*What you should do*.
Return the data word for word. Pictures are to be omitted.

*Exercise data*.
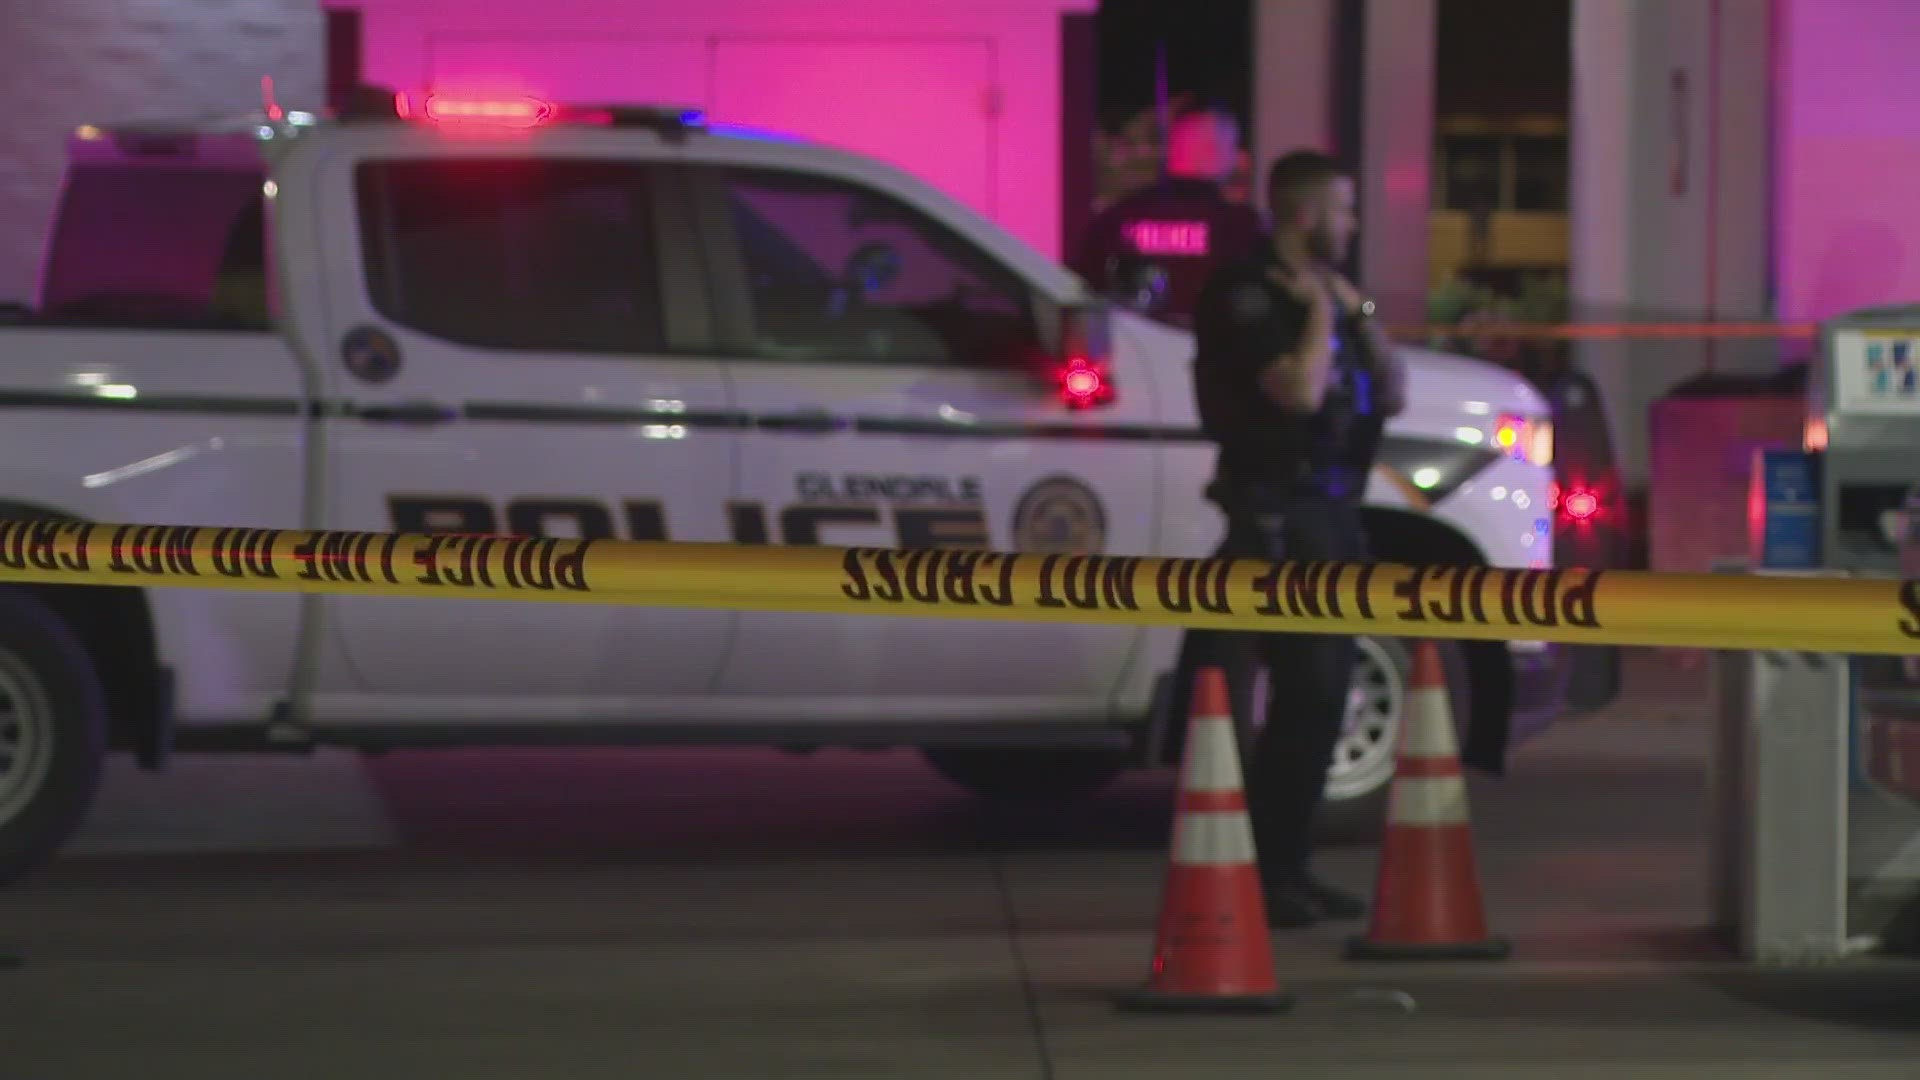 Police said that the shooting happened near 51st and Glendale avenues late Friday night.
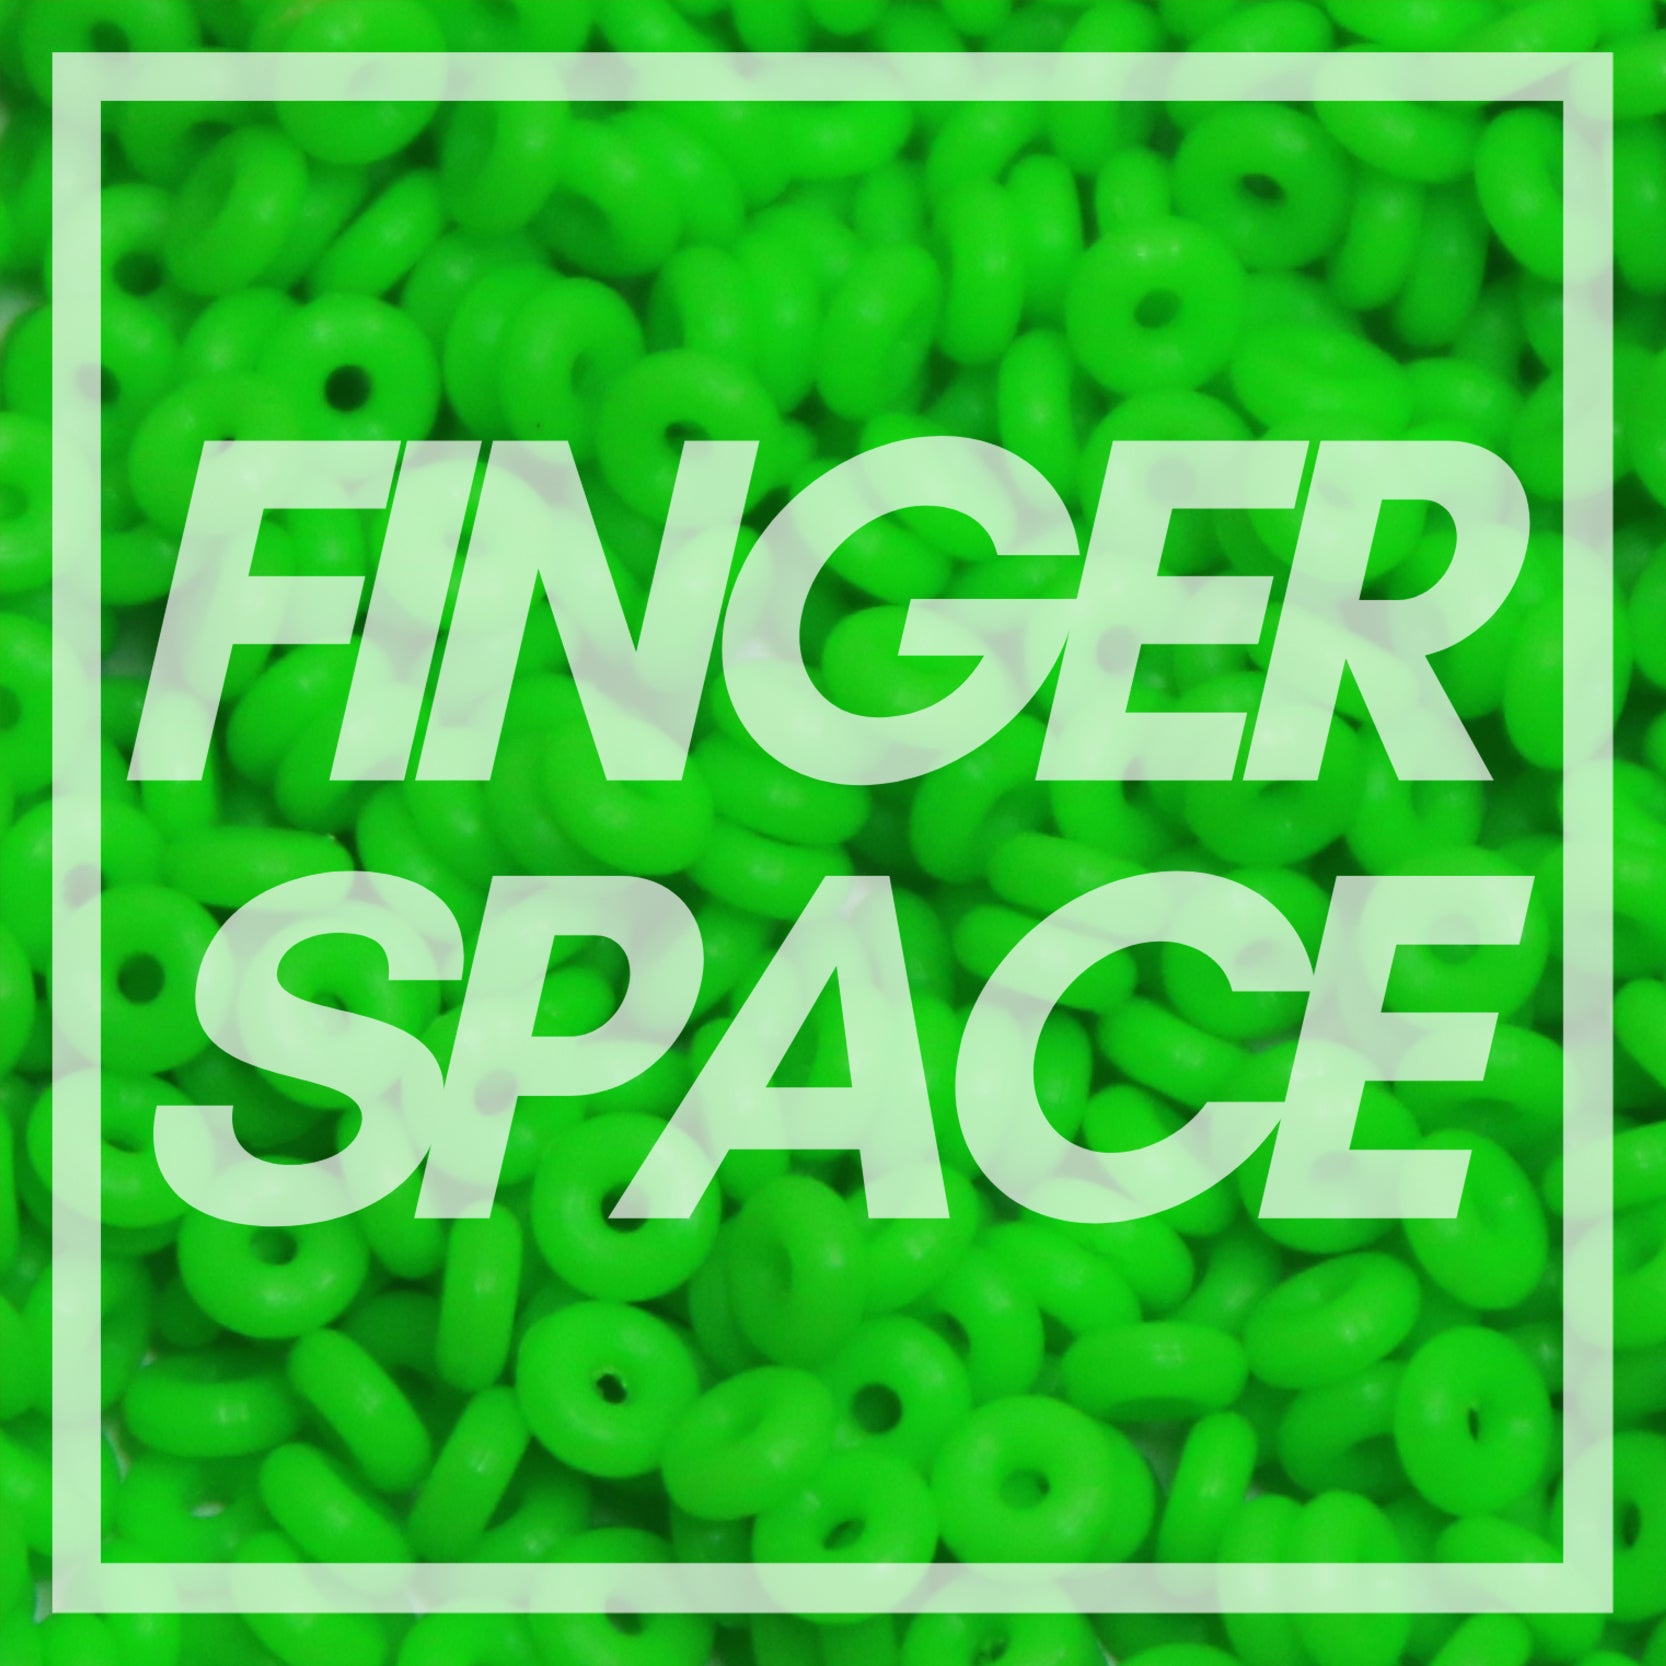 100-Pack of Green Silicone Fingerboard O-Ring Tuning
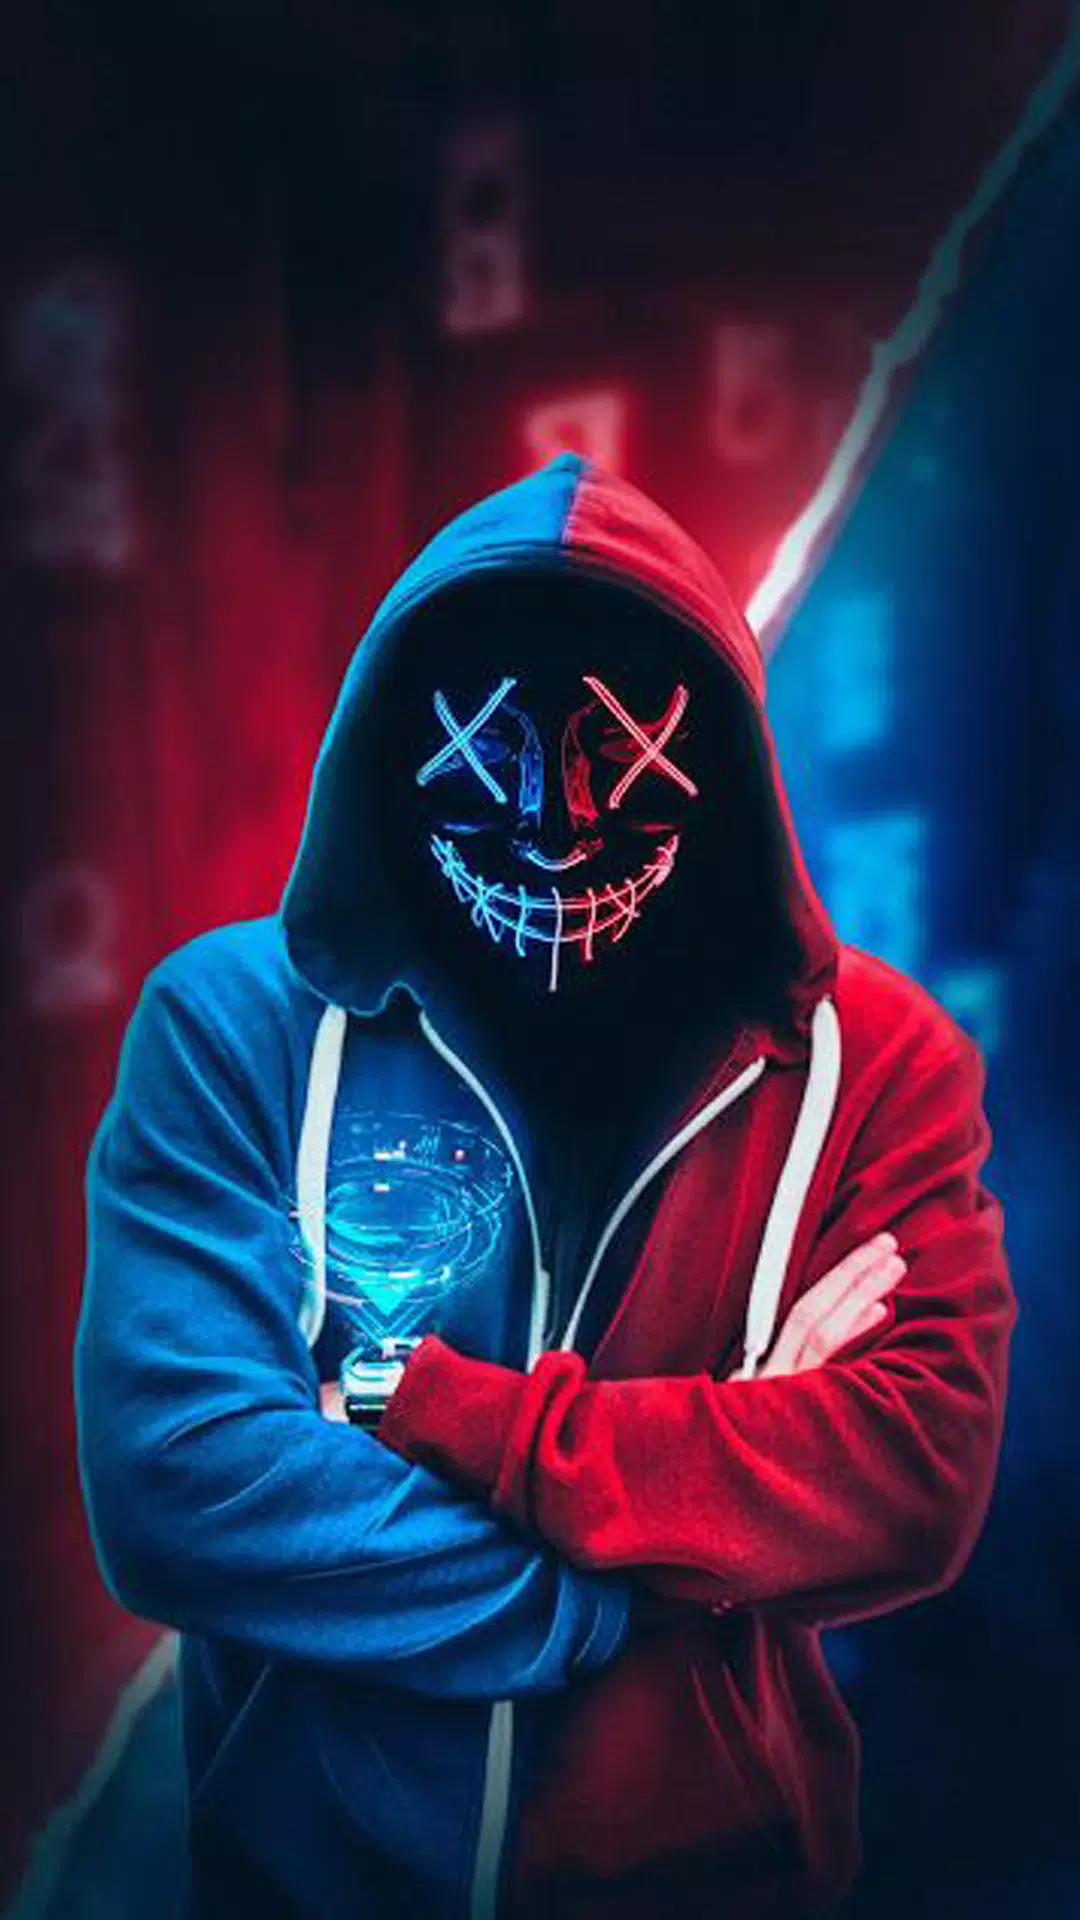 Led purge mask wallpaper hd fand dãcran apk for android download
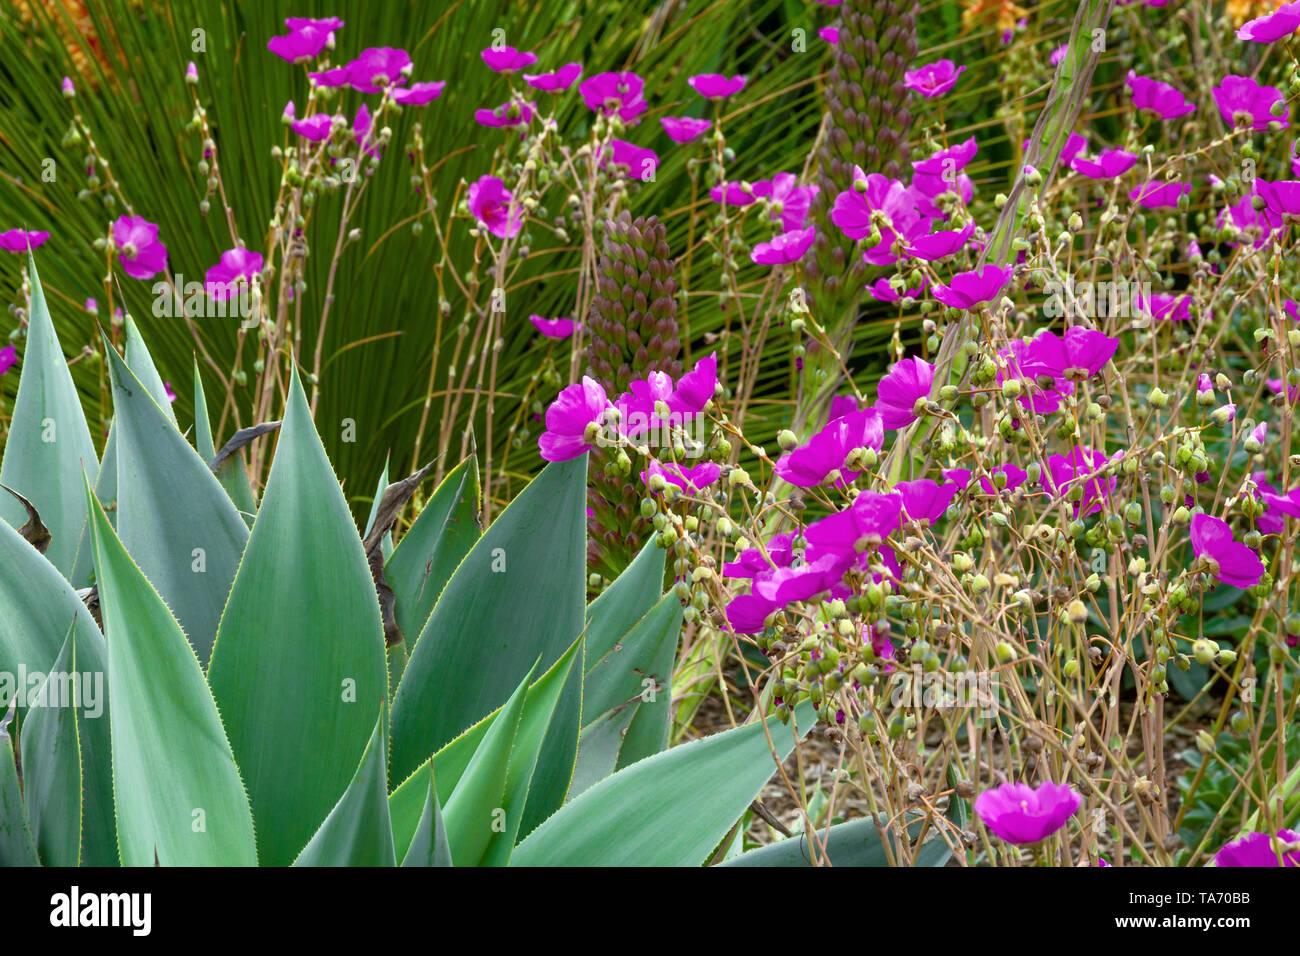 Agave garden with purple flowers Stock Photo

*The answer*.
 Police said that the shooting happened near 51st and Glendale avenues late Friday night.
 100-Pack of Green Silicone Fingerboard O-Ring Tuning
 Led purge mask wallpaper hd fand dãcran apk for android download
 Agave garden with purple flowers Stock Photo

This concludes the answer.